Gene expression profiling of cells and tissues identifies both the transcripts that are being expressed and their expression levels. Expression profiling can be approached in two ways: (i) through methods that hybridize transcripts to arrayed DNA or oligonucleotide libraries; or (ii) through methods that generate expressed sequence tags (EST) from a representative sample of transcripts. The first approach is restricted to the constituent genes of the libraries that are arrayed whereas the second makes no prior assumption about gene identities.
The databases of the National Institutes of Health (NIH) hold a large number of EST deposited from high throughput-sequencing of cDNA libraries. These cDNA libraries include 15 non-normalized libraries derived from seven stages of mouse preimplantation embryo development: the unfertilized and fertilized mouse oocyte, 2-cell, 4-cell, 8-cell and 16-cell mouse embryos and the mouse blastocyst. The EST for these libraries were generated from the RIKEN, the ERATO-Doi and the Washington University-Merck sequencing projects. The 15 libraries collectively hold 71 346 mouse preimplantation EST.
A meta-analysis of the distribution of these EST using methods based on UniGene clustering identified 11 483 genes that are expressed in preimplantation embryo development, including 1585 that are not expressed elsewhere in the mouse. Over 100 genes are expressed in a stage-specific manner.
Materials and methods
The 71 346 EST used in this analysis were downloaded from lists of GenBank Accession Numbers aggregated by NIH. The lists were accessed as UniGene libraries at www.ncbi.nlm.nih.gov/UniGene/Mm_DATA/lib_report.html. The catalogue numbers of the UniGene libraries used in this analysis were: unfertilized oocyte, 89 (403 EST), 151 (3096 EST); fertilized oocyte, 106 (3314 EST), 319 (7664 EST); 2-cell embryo, 88 (14 813 EST), 149 (3687 EST), 414 (6315 EST); 4-cell embryo, 175 (3011 EST); 8-cell embryo, 91 (98 EST), 150 (3443 EST); 16-cell embryo, 176 (3195 EST); blastocyst, 85 (12 955 EST), 94 (2499 EST), 102 (5692 EST), 134 (1161 EST). Detailed descriptions of cDNA library construction are available from the UniGene website. The cDNA libraries were non-normalized.
UniGene libraries were imported into FileMaker Pro software (Claris Corporation, Santa Clara, CA, USA) for construction of seven databases.

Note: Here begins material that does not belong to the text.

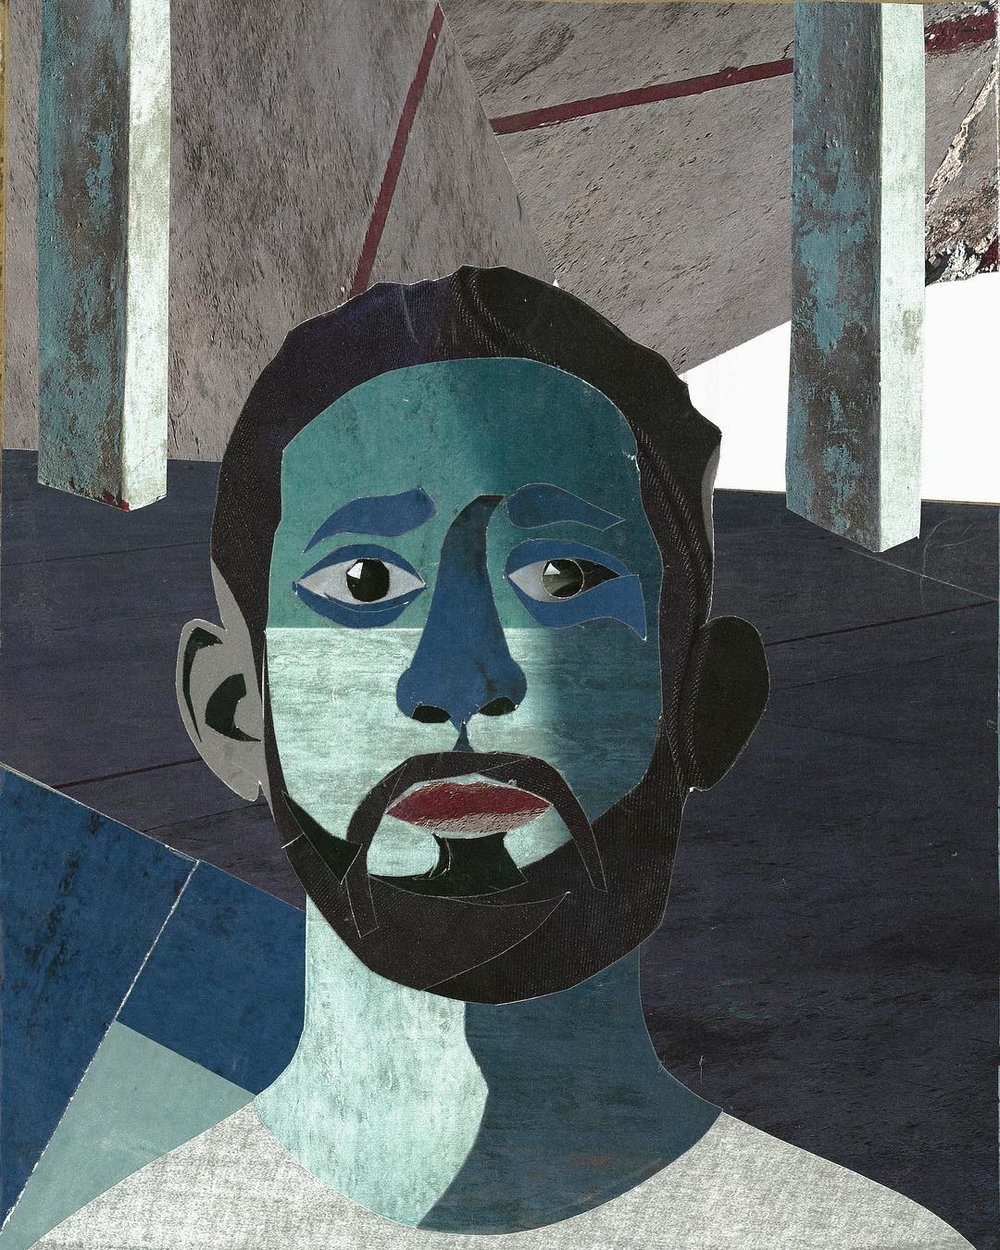 Portrait+of+Kyle+-+A+Color+Blue-Green.jpg

The corresponding UniGene Cluster Number was identified for each GenBank Accession Number. Digital gene expression profiles were generated by summing UniGene cluster abundances. Differences between digital gene expression profiles were identified using Fisher's exact test. Gene assignments to UniGene cluster numbers were based on mouse UniGene build #81.
Results
Digital gene expression profiles were constructed in FileMaker Pro. Profiles (`digital Northerns') were obtained by summing separately the UniGene abundances for each of the 15 UniGene libraries used in this study. About 20% of EST in each library do not map to a UniGene cluster.

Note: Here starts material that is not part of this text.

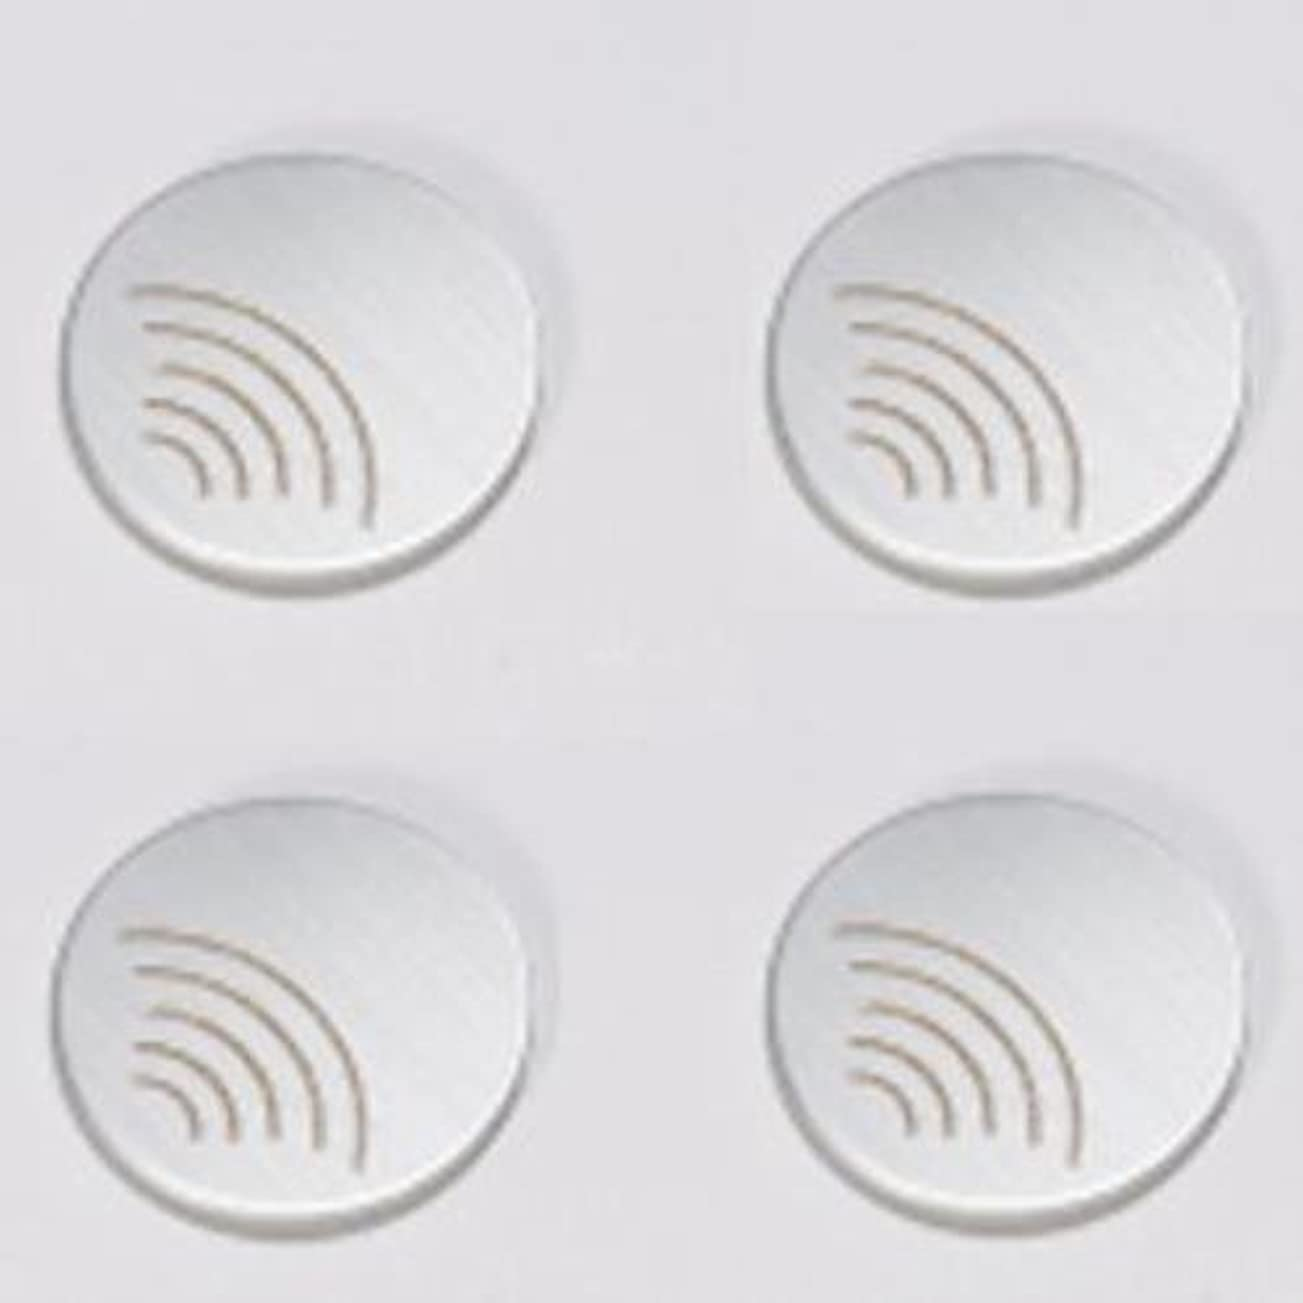 角度床を掃除する関係するBhado 携帯電話用 1g 4個セット

Most stages of mouse preimplantation embryo development had two or more UniGene libraries available for analysis (see Materials and methods). Libraries at each stage were first compared one with another to assess internal, library-related differences in gene expression. The stages of development for which the largest number of EST were available from more than one library are the fertilized oocyte, the 2-cell embryo and the blastocyst (see Materials and methods). Application of Fisher's exact test identified four genes showing differences in gene expression between libraries at the fertilized oocyte stage, 24 genes between libraries at the 2-cell embryo stage, and five genes between libraries at the blastocyst stage.

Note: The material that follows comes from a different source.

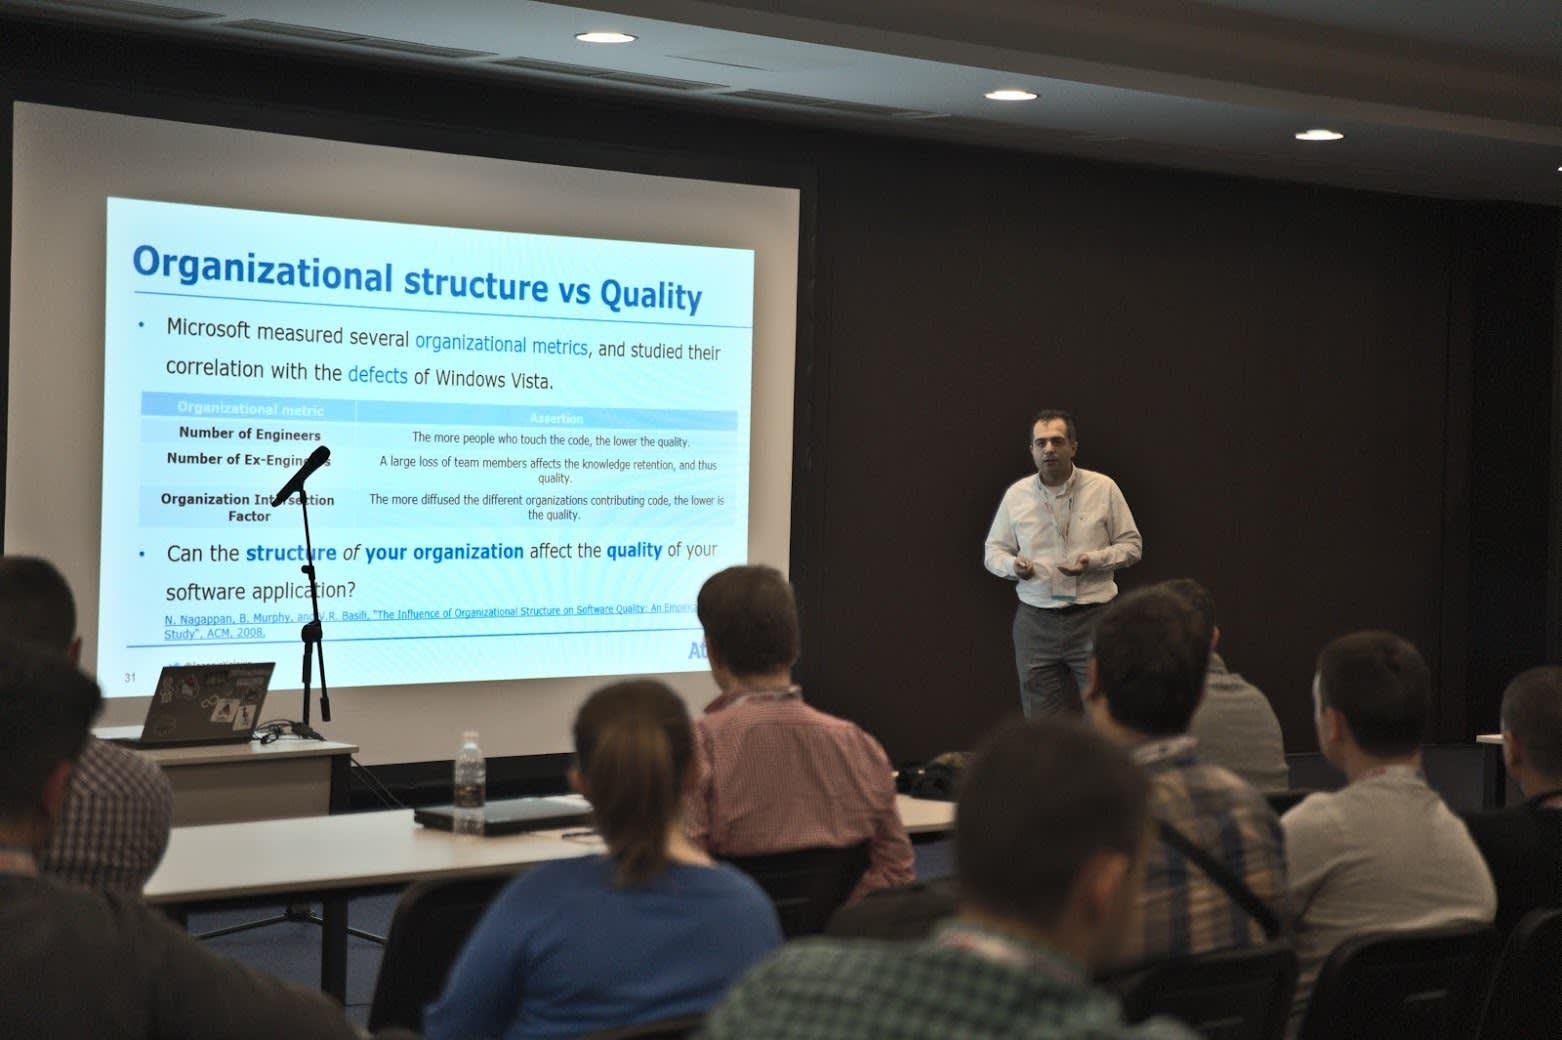 2019 Dec 10-12 - Java2Days, Sofia/Bulgaria - Presentation on How to Improve Software Quality

Having examined differences between cDNA libraries at the same stage of embryonic development, we undertook a meta-analysis of changes of gene expression during development. EST from individual libraries at the same developmental stage were aggregated to produce single data sets representing all EST from that stage. These aggregate sets were then compared using Fisher's exact test. A total of 109 differentially expressed genes were identified by this method. The percentage abundances of these genes is shown diagrammatically in Figure 1
(scales are 00.05%; 0.050.1%; 0.10.2%; 0.20.4%; 0.40.8%; 0.81.6%; 1.63.2%).
|
We also undertook a separate analysis of the set of cDNA libraries used in the ERATO-Doi sequencing project (UniGene library ID 151, 106, 149, 175, 150, 176 and 102 respectively). These formed the basis of a previous study of mouse preimplantation gene expression (Ko et al., 2000
|
We also ranked the UniGenes in order of abundance for each developmental stage and normalized these abundances so that direct comparisons between libraries could be made. A composite list of the most highly expressed genes for each stage is shown in Table I
|
In addition, we analysed the aggregate set of 71 346 EST obtained by amalgamating all 15 cDNA libraries. From this, we were able to identify 11 483 distinct UniGenes while a further 15 067 EST could not be assigned to UniGene clusters. A set of 1585 of the 11 483 UniGenes are currently unique to preimplantation embryo development and not found in other tissues contributing to the mouse UniGene database.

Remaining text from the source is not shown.